In part two of our continued exploration into the nature and substance of happiness, we explore what cognitive psychologist Daniel Kahneman called The Focusing Illusion. The Focusing Illusion suggests that these things we think and believe are so important, are only so because we are thinking about them. Be they perceived good or bad, they influence our happiness to the degree we allow. Now at face value, this may seem preposterous. The joy of getting married or the sorrow associated with the passing of a loved one loom large in our consciousness, and are important. Nonetheless, in the following article we will explore the science and the reasoning behind this apparent truth. We will look at why, on self-assessment of our lives, we often fail to see the bigger picture.
The Rise & Fall of Life Satisfaction
My wife wants a new car–a Peugeot 3008. She's in love with it, beams with happiness when she talks about the prospect of having it. We already have a family car. The earlier model 2008, apart from a few bumps and bruises, is in great nic. Mileage is very low and it runs perfect. It's a good size, the seats are higher off the road than regular cars, and it has never given any trouble. Except for that time when “someone” let it run out of juice and then flattened the battery trying to start it.
There's no practical reason in the world why we should buy it. And in addition, it means taking out a loan to do so. As if the good condition of our existing motor was not reason enough, buying the new wagon means adding an unnecessary cost to our monthly outgoings. She wants it nonetheless. Much like everyone else, she is convinced that her life will be better for the having of this thing. My job is to bring to the conversation, the inevitable consequence of diminishing emotional returns.
I don't exclude myself from impact of this affliction; the illusion that our lives will be better for the having of things, status, and the admiration of other people. Arguably, it's what motivates and drives human behaviour. We each, to our individual degree and choice of love object, fall fowl to clever marketing. We believe that the future will be better than the present or that our lives are better or worse than they actually are. Regardless, this illusion seems consistent in its uncanny ability to let us down.
The Focusing Illusion
It's the feeling you get when you renovate your house, buy new shoes, eat a bar of chocolate, or when you find money in the street. You feel a measured increase in your state of positive emotion both in the run up to the moment you have it in your hand, and the period immediately afterwards. These positive events stand out for us, and according to Nobel Prize winner Daniel Kahneman in his book Thinking Fast & Slow1, they influence our perception of subjective happiness. Not only this, but they cloud our ability to measure our lives accurately.
In the concluding chapter of his book, Kahneman cites a study by the German Socio-Economic Panel 2, where participants were asked about their satisfaction with life over a given period of years. Amongst the questions the researchers posed were those related to major life events, such as marriage, in the preceding year.
Marriage & Life Satisfaction
The following graphs illustrates male and female respondents' feelings about life reported in the years close to when they were married.

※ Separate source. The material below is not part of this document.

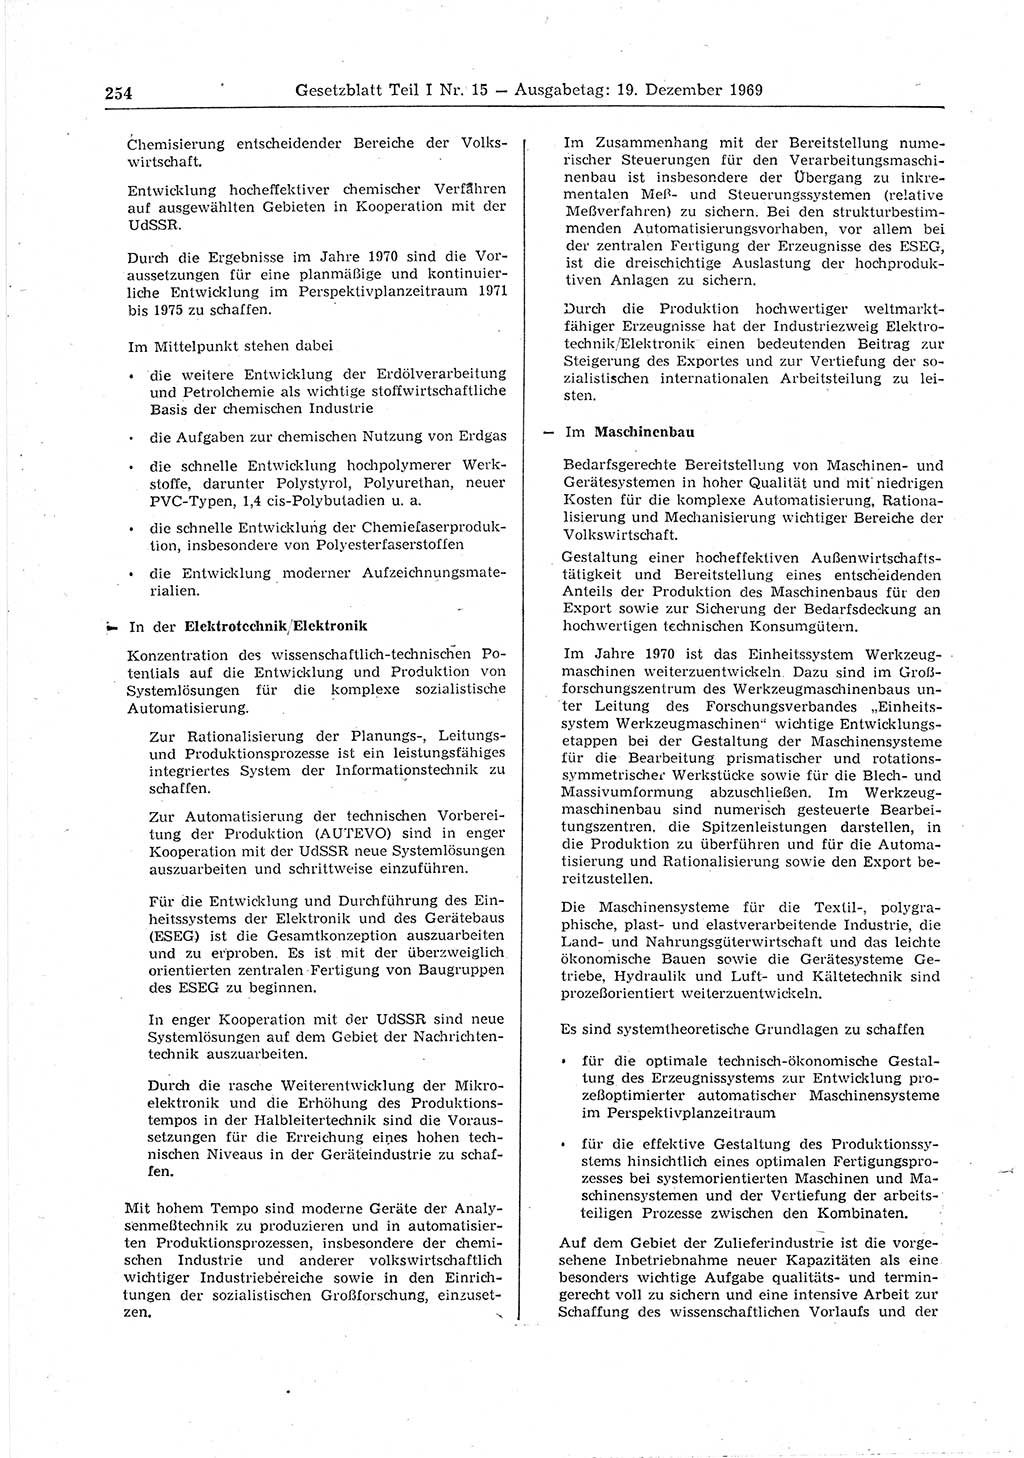 Gesetzblatt (GBl.) der Deutschen Demokratischen Republik (DDR) Teil Ⅰ 1969, Seite 254 (GBl. DDR Ⅰ 1969, S. 254)

We can see from the graphs above that reported life satisfaction increases up to the beautiful day, but then declines in the proceeding years. The apparent novelty seems to wear off as the reality of life and all its challenges take hold. Kahneman suggests that perhaps we get married in the hope the future will be better than today, or that we may maintain the blissful status quo. He cites Daniel Gilbert and Timothy Wilson's research and asks if we have become victim to the “massive error” of affective forecasting3 which accounts for the error in forecasting our future feelings about life.

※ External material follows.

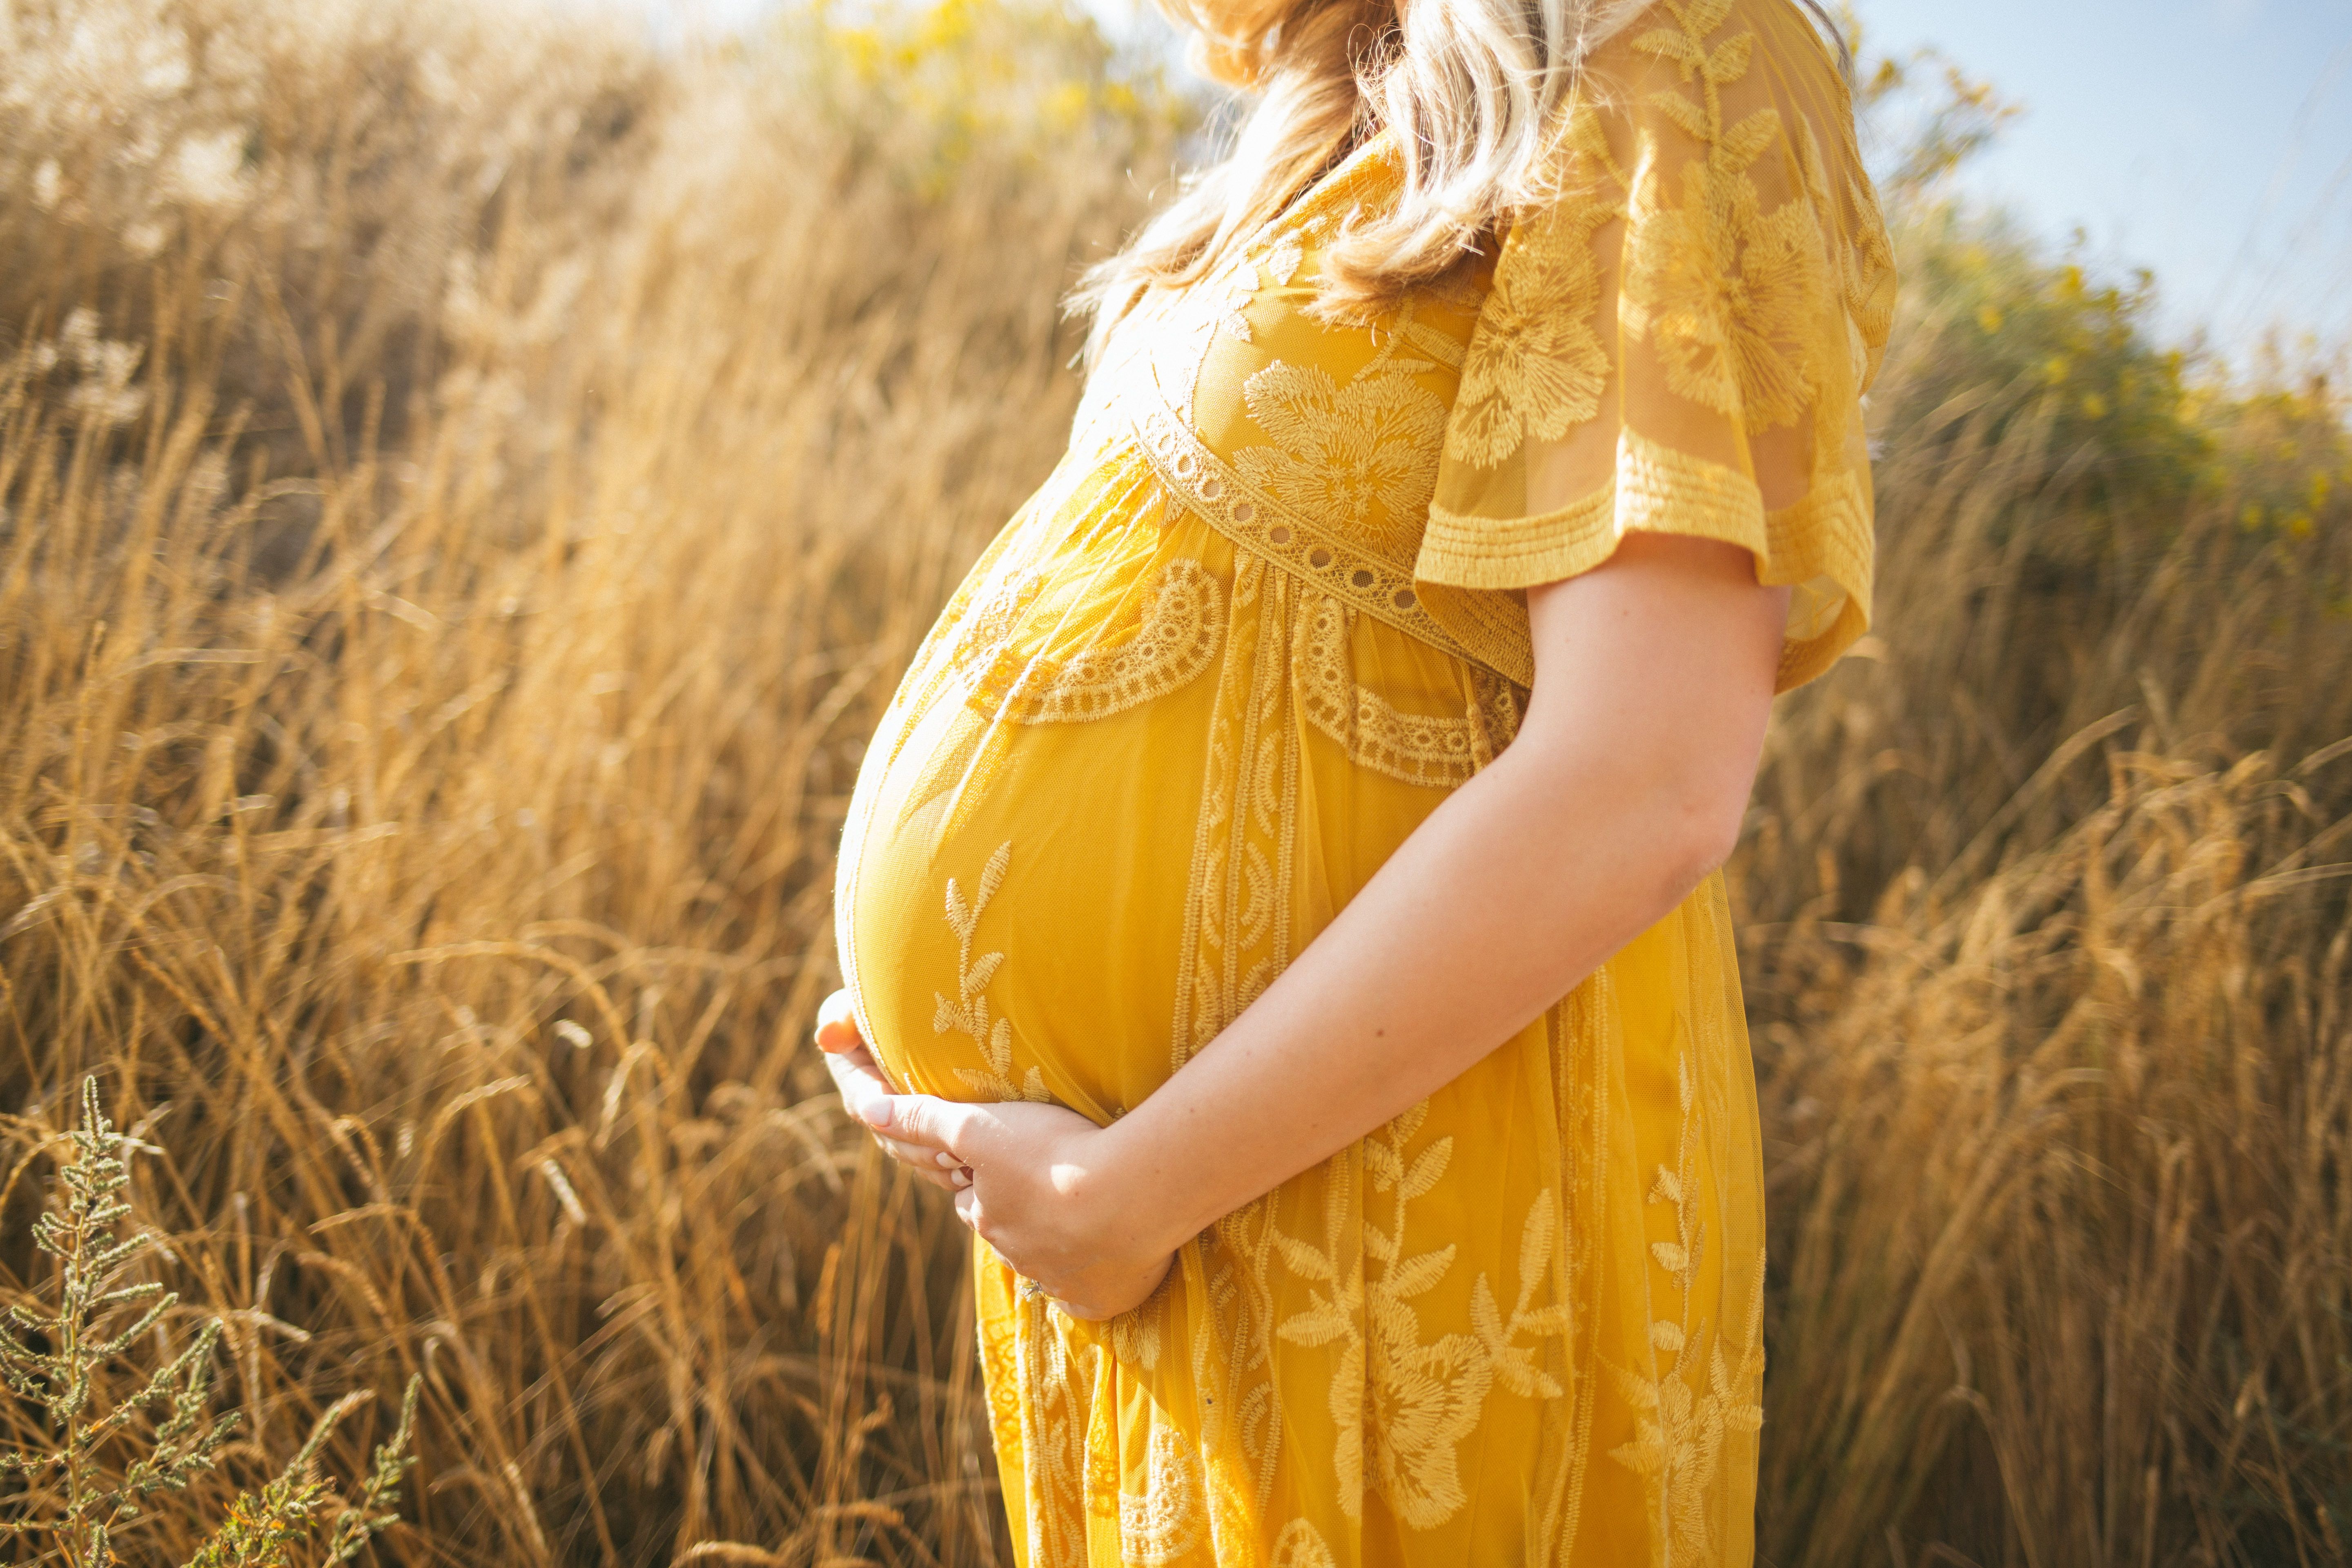 Cuure presenta su nuevo "Complejo Maternidad", el suplemento 100% natural que toda futura madre necesita

For example, we want to be able to predict whether we will get married and have children, because we believe these life events are crucial determinants of happiness. On the marriage study results, Kahneman says that on the day a couple marry, they may know that rates of divorce and separation are high, but don't apply this apply this to themselves. He says we can, of course, explain this data as representing a normal adjustment to life.

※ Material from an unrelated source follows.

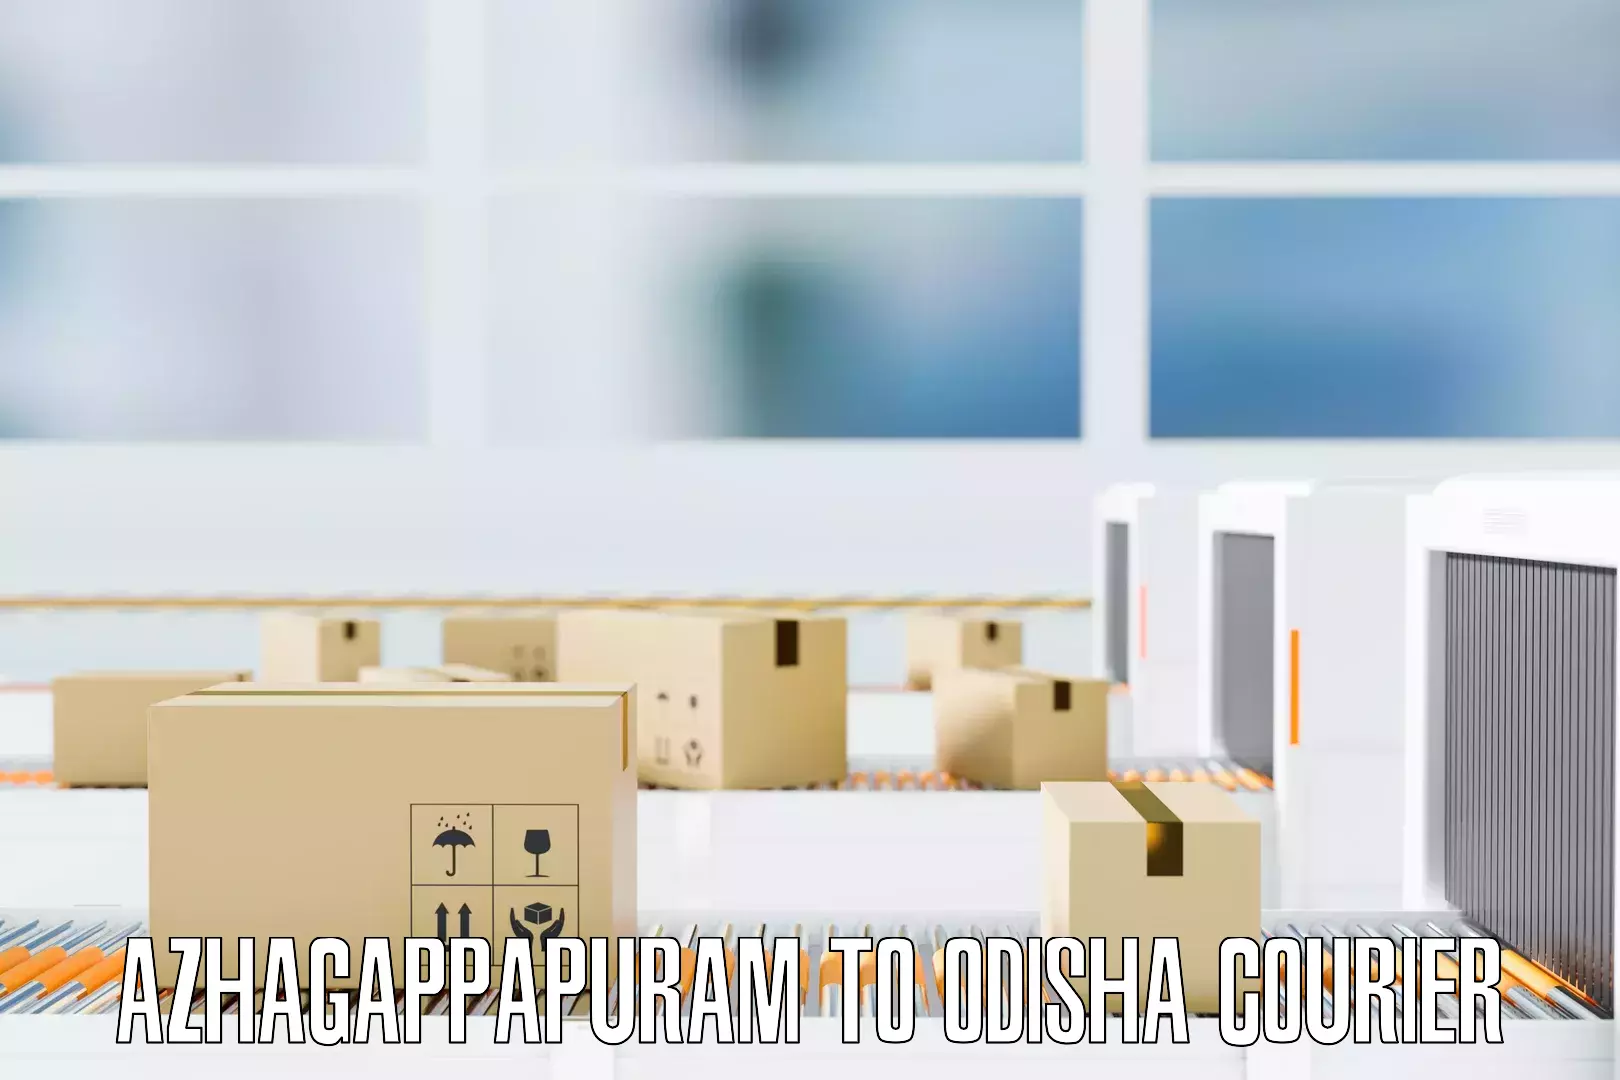 Furniture shipping services Azhagappapuram to Odisha

But Kahneman says we instead need to examine “the heuristics of judgement”. Or, how it is we arrive at answers to questions such as; “How satisfied are you with your life? and “How happy are you these days?” He says that these questions are not as straight forward as those such as “what is your telephone number?” but respondents often arrive at answers to all of these questions in only a few seconds. Kahneman says that people tend to have ready-made answers, or answers that recent events influence us. He says that this represents the fast acting System 1 which jumps into gear with little conscious control or deliberation on our part.
The Focusing Illusion: Take Happiness With A Pinch of Salt
Any apparent single event or series of events can influence our perception of life satisfaction and happiness. They are the perceived outcomes of what Kahneman calls The Focusing Illusion. More often, he says, we are not even aware that our minds have taken over. System 1 substitutes our interpretations of simpler life events for global evaluations of life. An illustration of this comes from a study by Norbert Schwarz in his 1988 examination of priming and communication4.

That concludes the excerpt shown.